The key here is with “Internet Connection Sharing” enabled or if the device is simply in bridge mode, that will do it as well.

I’m not saying definitively that there is a L2 loop, I’m saying that’s what the logs are telling us along with the expected behavior of the AP should an L2 loop occur.

To clarify, I was suggesting adding an SSID for testing purposes only.

The typical way L2 loops are prevented is with STP or RSTP, a protocol that gives weight, usually dynamically but can also be manually adjusted. This has the added benefit of offering switch failure/failover capabilities. That’s how it’s prevent in not just large businesses, but regular home networks as well. STP = Spanning Tree Protocol, RSTP = Rapid Spanning Tree Protocol. If you’re familiar with OSPF routing, it’s roughly the same concept.

Thanks for the info, yeah, I´m familiar with RSTP. I was investigating about loop issues and the mac of the other device is logged at the OS level… could you please ask engineering if they have that?

Update after almost a couple of days…

I´ve checked and the router and all 3 switches have the RSTP enabled, issue persists.
I´ve disabled fast roaming, the thing got way better… but still with issues (happened about once or twice every hour, not minutes away in a loop).
I´ve ran a cable of 60 feet from the switch to the AP just for the sake of the testing, and everything has been rock solid.

Which makes me think:

  1. If all the switches and router have RSTP enabled, where is that coming from in the AP?
  2. Why is the issue affecting only the meshed part? Cabled works perfect.
  3. If the problem was already in my environment, why weren´t any noticeable errors before? Mikrotik worked just fine
  4. Did engineering tell what was the mac with the loop? That can be seen on the device logs

Thanks.

  1. The AP itself is preventing the loop, which is why it doesn’t hit the switches. If the AP didn’t prevent the loop, there’s a very high likelihood that the switch interface for Oficina Pucca would get shut down to prevent the loop from occurring.
  2. I’m not sure how to answer this question, to be honest. There’s the fact that most wired devices who are also wireless devices would typically prefer to send traffic over the wired connection despite wireless being available. I’m not sure what device you’re referring to when you reference wiring it vs. wireless. The AP? If so, that’s because there’s no secondary link to loop through (i.e. the mesh), the AP would send everything down the wire, that’s its only path out to the rest of the network. Perhaps adding more context to the question might help me understand it better?
  3. I’m not sure if MikroTik APs have a loop prevention mechanism in place, how it behaves, etc. MikroTik may just let the packets through and assume the switch is going to deal with it.
  4. No, we dont know what the MAC is, unfortunately. We could try a packet capture output to a file. If we did that, ideally, we’d want to revert all settings to the scenario where it occurs most frequently so we don’t run an hour (or more) long packet capture just to get the one packet whose source and destination MAC are the same.

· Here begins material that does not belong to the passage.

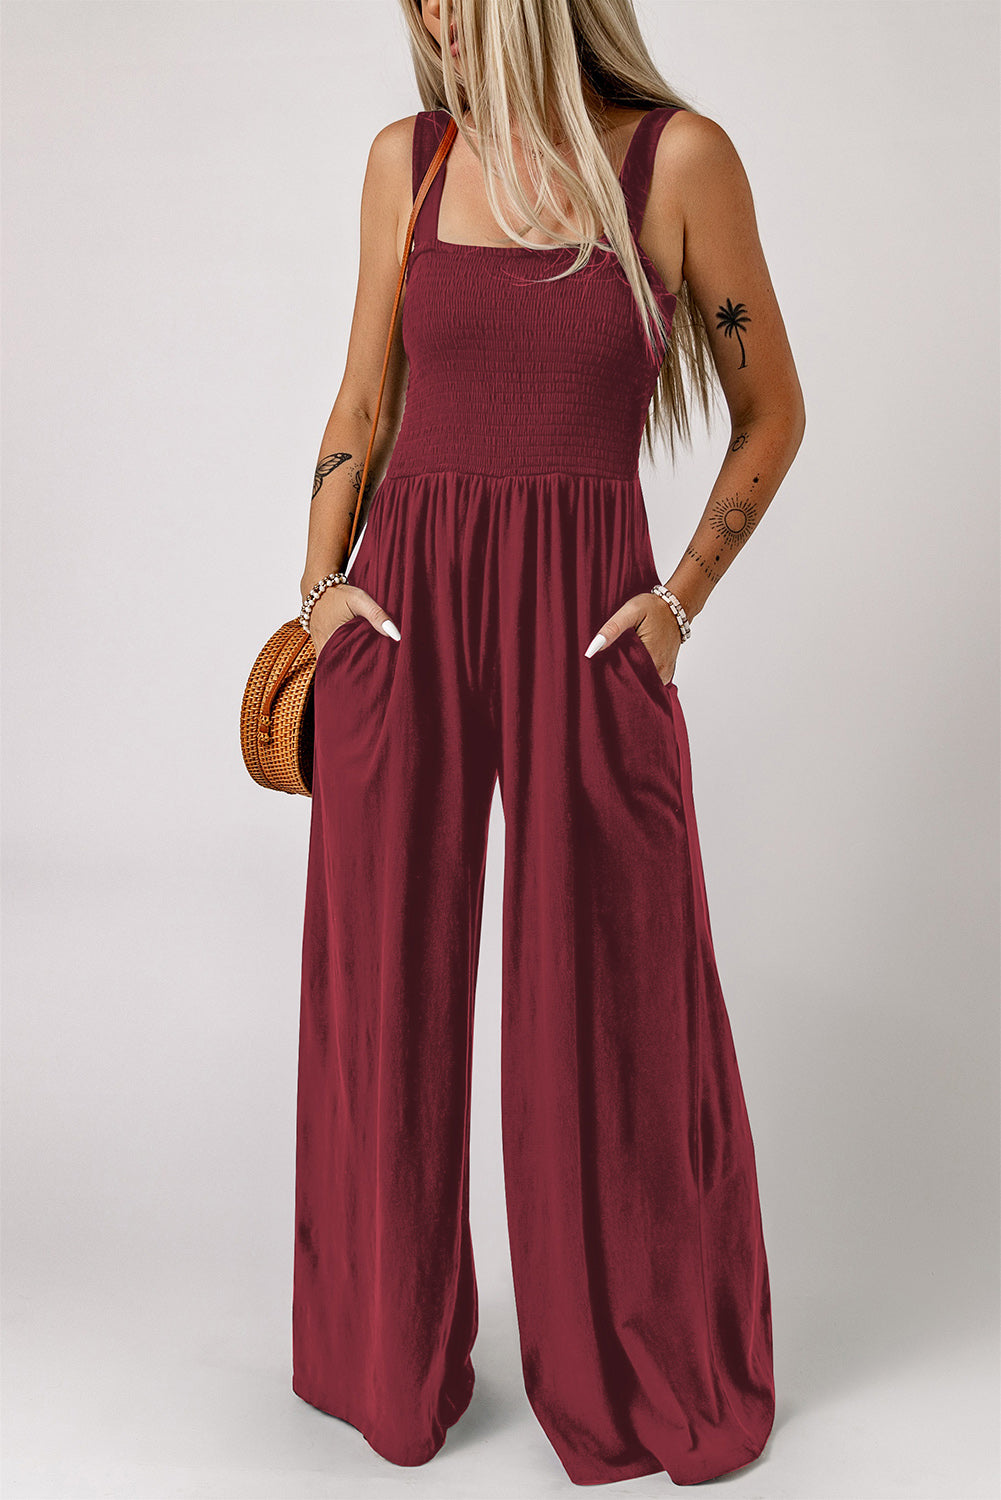 Smocked Square Neck Wide Leg Jumpsuit with Pockets Sunset and Swim Wine S

Have you had a chance to drop some device from the network to see if the issue goes away?

In addition to what @Alta-Matt_v2 suggested you may want to see if there are any MAC flap logs on the switches in the broken state. Might help identify where loops are coming from. For example, if we suspect the right hand side host is causing a loop, you may see MAC moves on the connected Mikrotik switch indicating the AP MAC is moving between the host’s interface and the fiber interface connecting to the UI fiber switch.